Mortgages controlled by domestic banks rose NT$62.8 billion (US$2.22 billion) from a month earlier to NT$8.8 trillion at the end of January, the smallest increase in six months, the Financial Supervisory Commission said on Tuesday.
From August to December last year, monthly increases ranged between NT$65 billion and NT$91 billion, commission data showed.
The commission attributed the slowdown to the central bank’s implementation of selective credit controls in December last year.
Mortgage growth did not slow that month, as the central bank allowed lenders to comply with previous loan-to-value requirements for mortgages approved before Dec. 8, it said.
January was the first month that fully reflected the effects of the credit controls, it said.
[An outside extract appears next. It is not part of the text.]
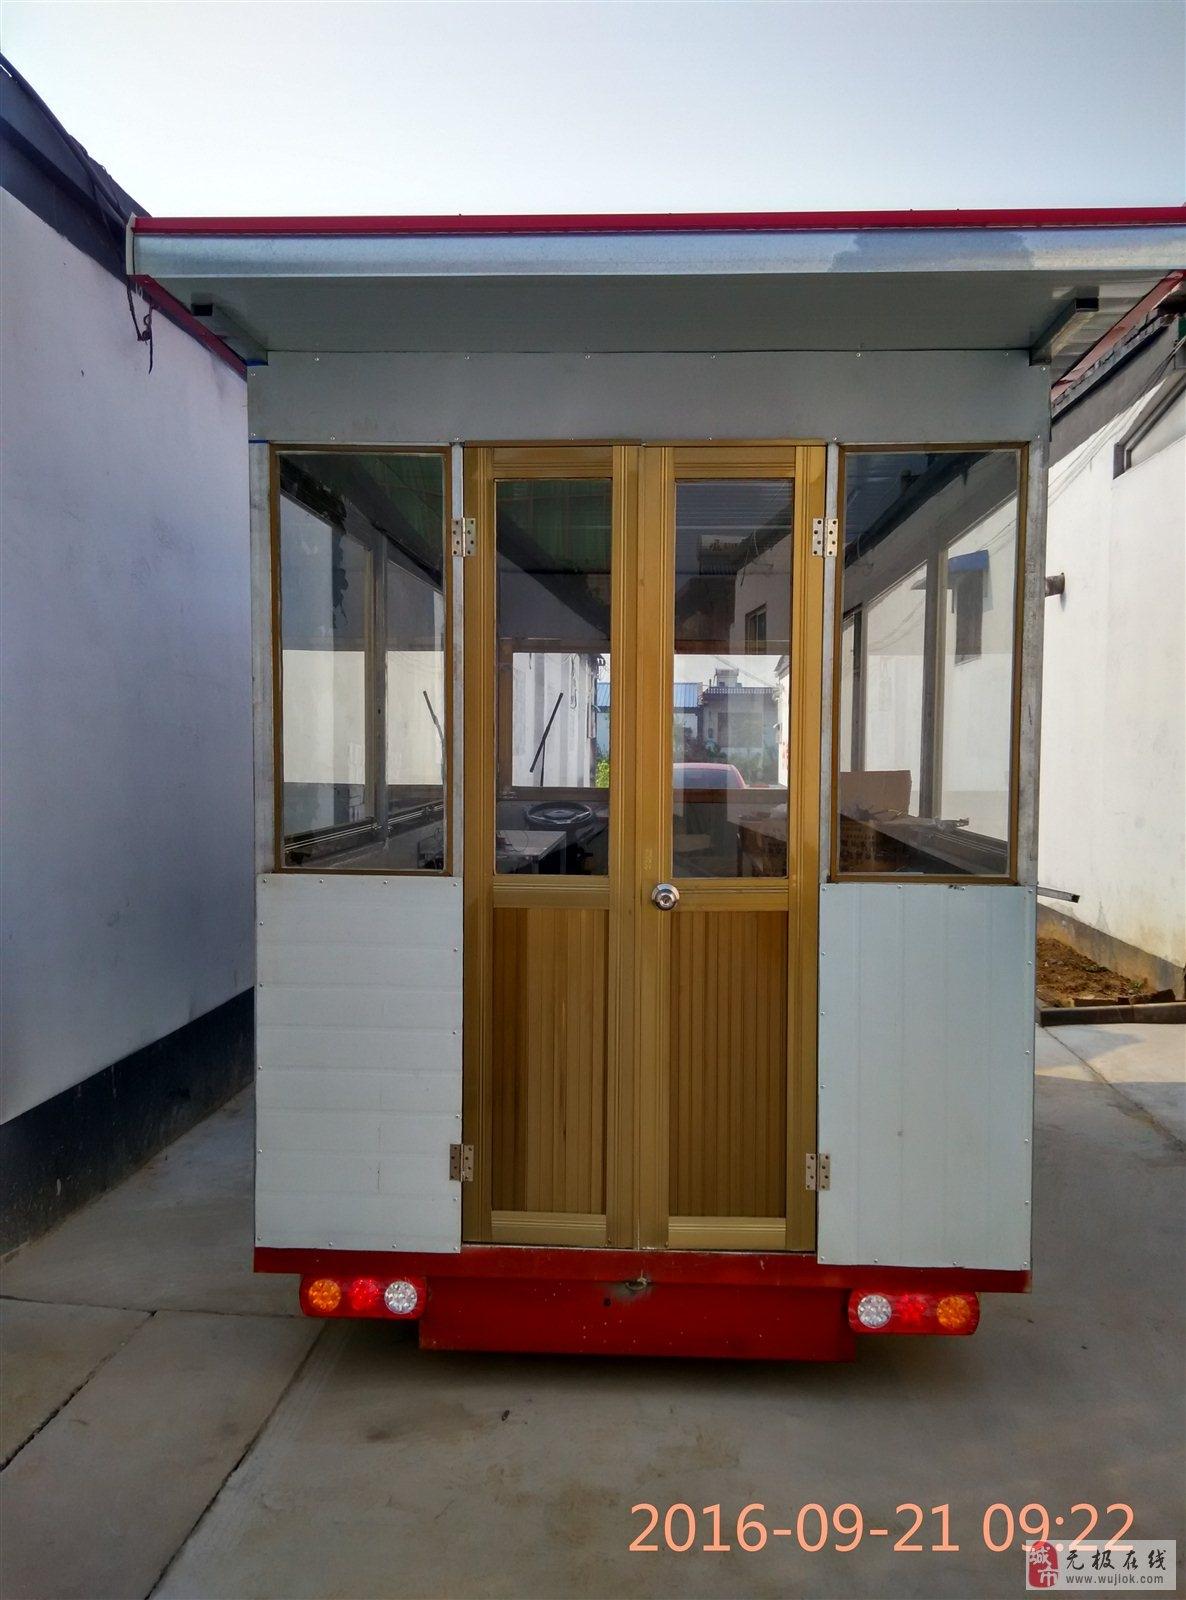 移動餐車定制長四米寬兩米

The new measures include capping the loan-to-value ratio at 60 percent for housing loans granted to corporate buyers for their first property and at 50 percent for their second, while the limit on the ratio for an individuals’ third property is 60 percent.
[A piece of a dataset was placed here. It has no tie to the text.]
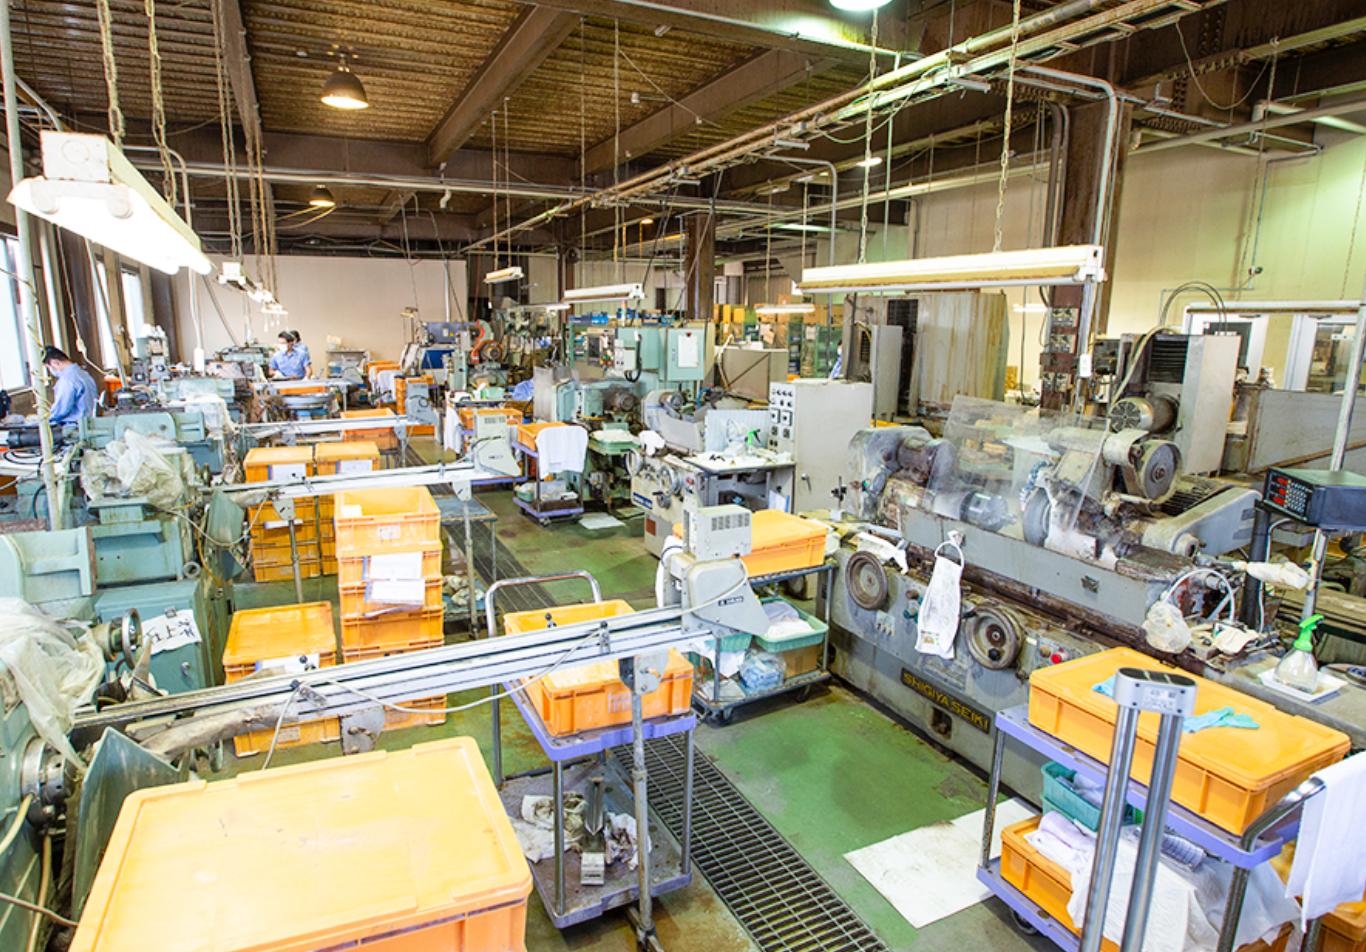 ニイミ産業の製造工場

Non-performing housing loans totaled NT$9.7 billion at the end of January, down from NT$9.8 billion a month earlier, while the non-performing ratio remained flat at 0.12 percent, the data showed.
The commission said that by the end of this month it would complete a special examination of the nation’s top 10 lenders to determine whether they are exercising solid risk management.
Construction loans by local banks, which indicate confidence in the construction sector, grew at a slower pace in January, expanding by NT$40.7 billion from a month earlier, the smallest gain over the past three months, the data showed.
Non-performing construction loans fell from NT$4.2 billion a month earlier to NT$4.1 billion at the end of January, while the non-performing loan ratio was flat at 0.15 percent, the data showed.
The ratio has fallen from a 27-month high of 0.23 percent in October last year as state-run Taiwan Business Bank (台灣企銀) has written off a bad loan of NT$3.27 billion to a construction firm operated by former Far Eastern Air Transport Corp (遠東航空) chairman Chang Kang-wei (張綱維), the commission said.